# Uber Driver With Felony Conviction Charged With Battery For Allegedly Hitting Passenger



## UberComic (Apr 17, 2014)

*Uber Driver With Felony Conviction Charged With Battery For Allegedly Hitting Passenger*

http://www.forbes.com/sites/ellenhu...with-battery-for-allegedly-hitting-passenger/


----------



## UberComic (Apr 17, 2014)

I'm going to start getting extra serious about finding another job tomorrow. I don't want to be associated with some of these assholes they're allowing to drive UberX. My mother already called me about the sexual predator incident since it's all over the news here. I'm so fed up with this BS.


----------



## The Geek (May 29, 2014)

UC,

Good luck w/ that in this quad(?, lost count)-dip recession. Speaking as _one who is weird_ I'd like to take a moment to quote Hunter Thompson: "When the going gets weird, the weird turn pro". Me? I'm going to hunker down and ride this f-er until (I hope) the end of the year.


----------



## Sydney Uber (Apr 15, 2014)

UberComic said:


> I'm going to start getting extra serious about finding another job tomorrow. I don't want to be associated with some of these assholes they're allowing to drive UberX. My mother already called me about the sexual predator incident since it's all over the news here. I'm so fed up with this BS.

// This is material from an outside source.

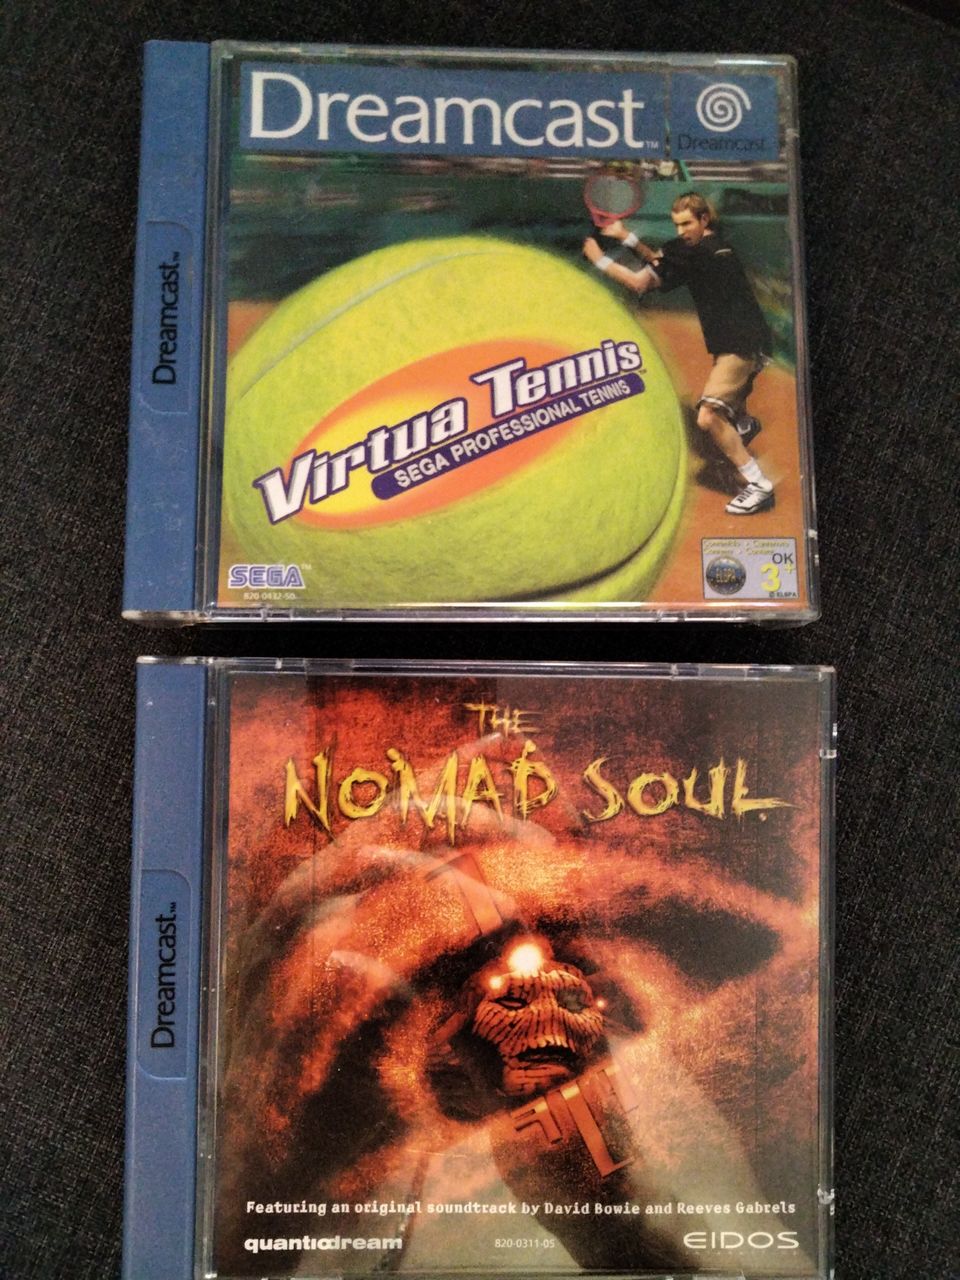 Sega Dreamcast pelit: Virtua Tennis ja The Nomad Soul
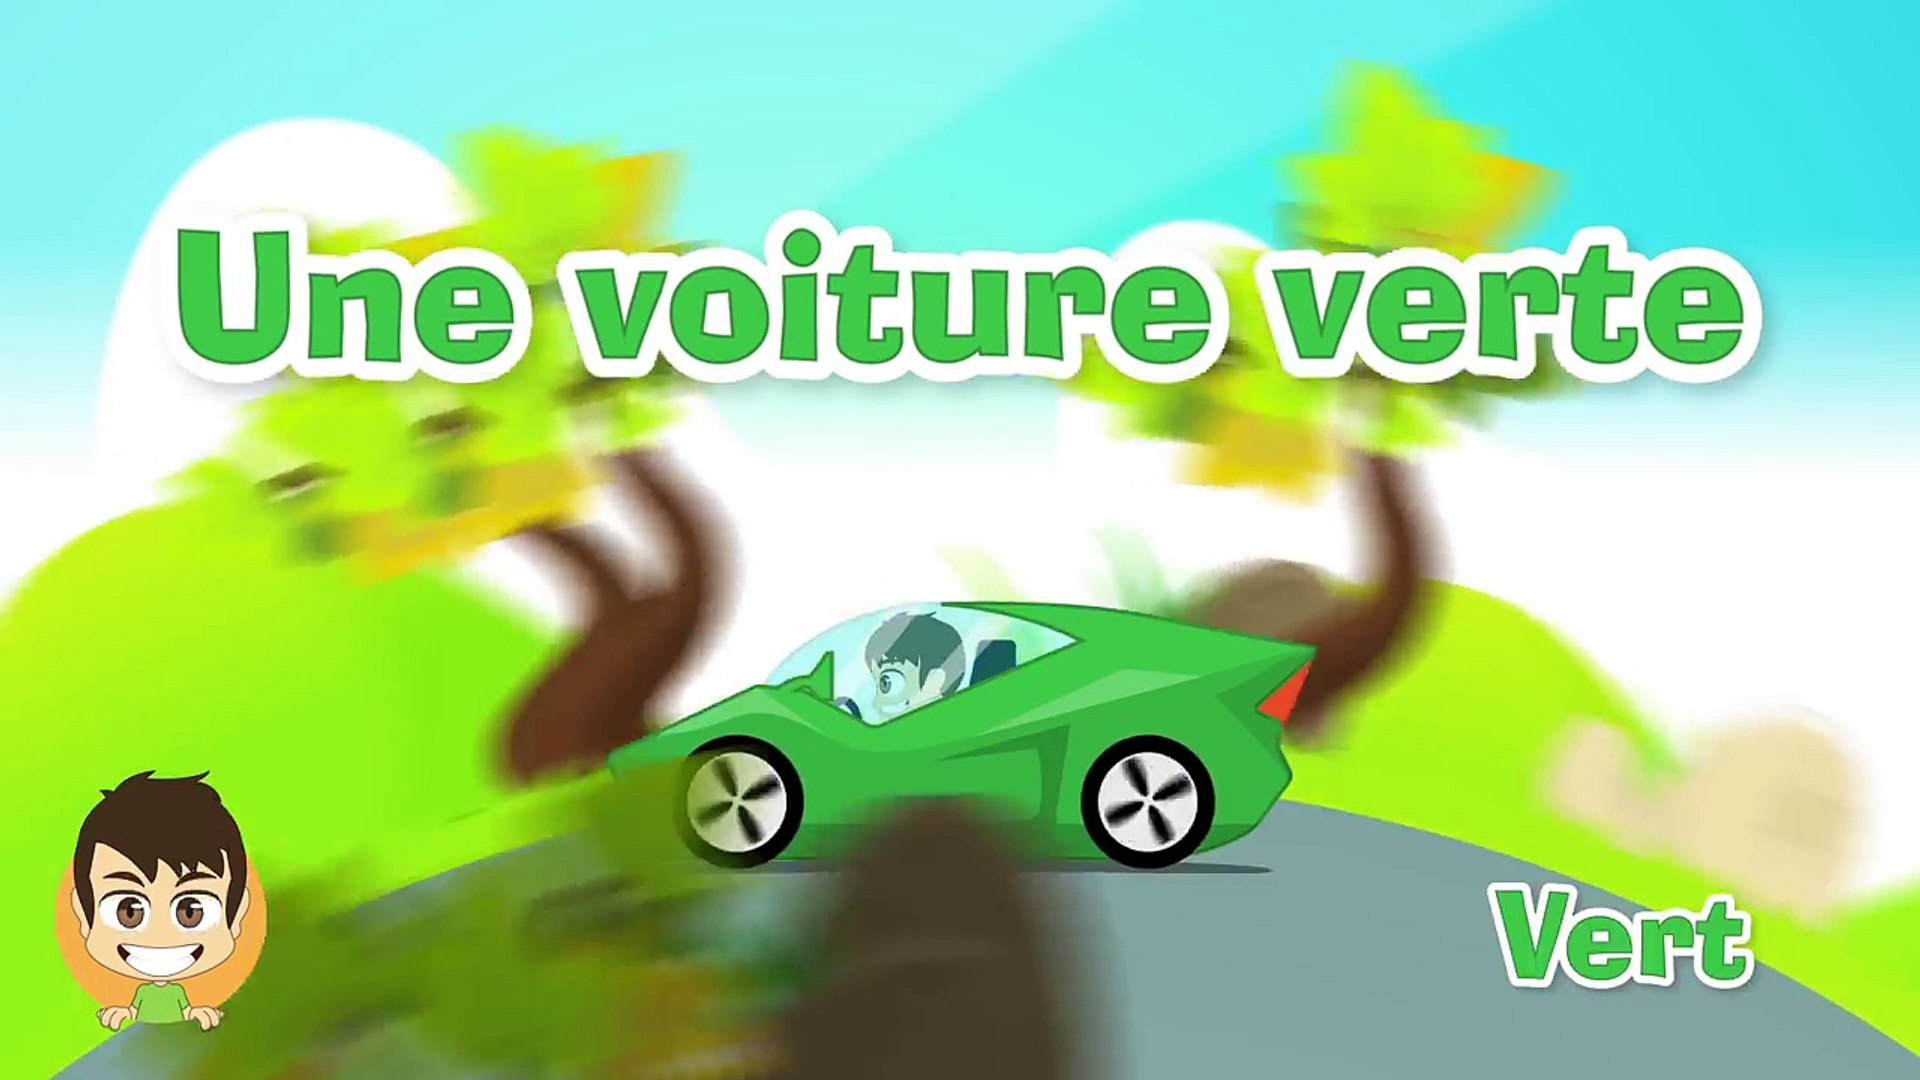 ⁣Learn Colors with Cars in French for Kids - تعليم ألوان السيارات باللغة الفرنسية للاطفال

Understandable reaction UC. But you are not part of the problem. People like you improve customer service, and take pride in the job you do.

I'm not sure if its the same over in the US, but here it is a regular occurrence where a young lady wakes up with a Taxi driver she's hailed mauling her. There was a terrible attack a couple of years ago where a young party goer fell asleep in her cab then woke up at a strange place where the driver took her and was gang-raped. There are also many other violent attacks on passengers.

On so many of these incidents the police or Taxi company fail to identify the driver. At least with the UBER App people have the protection of having a clear ID of a driver before pickup, and the police can easily pull records that would help apprehend and prosecute the perpetrator.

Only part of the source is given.